Mamamia Article on the Exploitation of Surgery/Patients on Social Media

Plastic surgery has become entertainment. Here’s why it’s worrying.

Scroll through social media and you’ll find yourself sitting front-row in an operating room, watching a surgeon make incisions on a body. There’s blood. Implants. Discarded fat. The hum drum of music in the background.

And it’s all happening in real life.

With the rise of cosmetic surgery, platforms such as Instagram and TikTok have become extremely powerful marketing tools, with surgeons filling their feeds with before-and-after photos, videos of clients, memes, skits – and of course, surgery.

From injectable treatments to BBL surgery – it seems like nothing is off limits. These days you can consent to having your procedure broadcasted to millions of people all over the world. And bar a couple of well-placed emojis, there is often little to no censorship involved.

Here, it’s all about satisfying the public’s appetite for transformations – giving followers and viewers a sneaky ‘behind the scenes’ pass to see the performance of various surgical procedures.

And while these kinds of videos are hugely popular and literally watched by millions upon millions of people, you can’t help but fear we’ve crept into some very dangerous territory. And for good reason.

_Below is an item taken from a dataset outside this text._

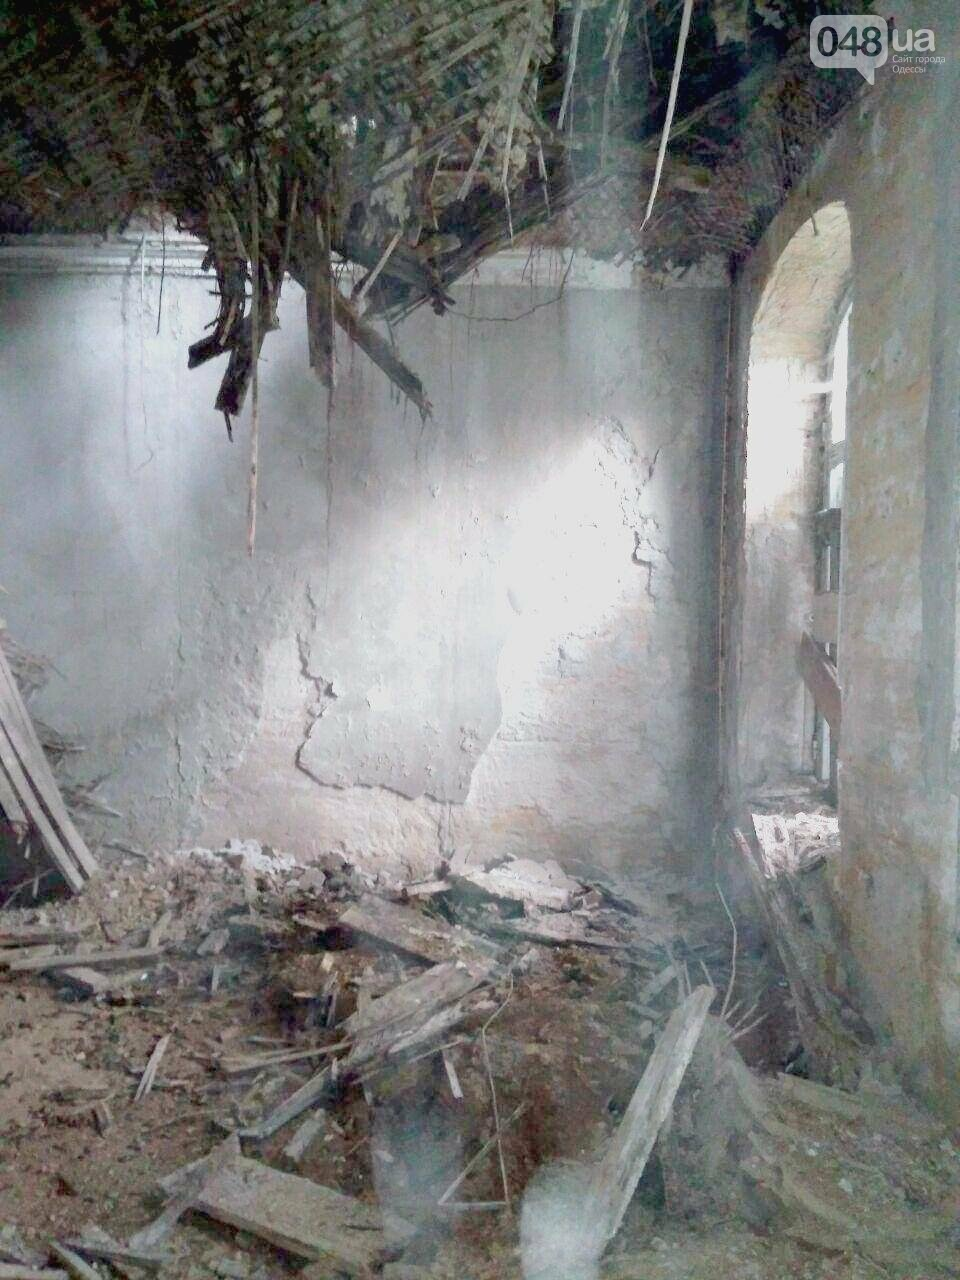 Поймать привидение или провалиться в подземелье: Одесский Дом Гоголя изнутри (ФОТО), фото-25

Some social posts – shared here in Australia – appear to show practitioners singing and dancing during procedures, even displaying bags of removed fat or tissue, possibly without consent.

Although they don’t represent the vast majority of responsible doctors, the popularity of this content could help share a dangerous misperception of surgery. A false illusion of something that is actually wrought with serious risks and complications.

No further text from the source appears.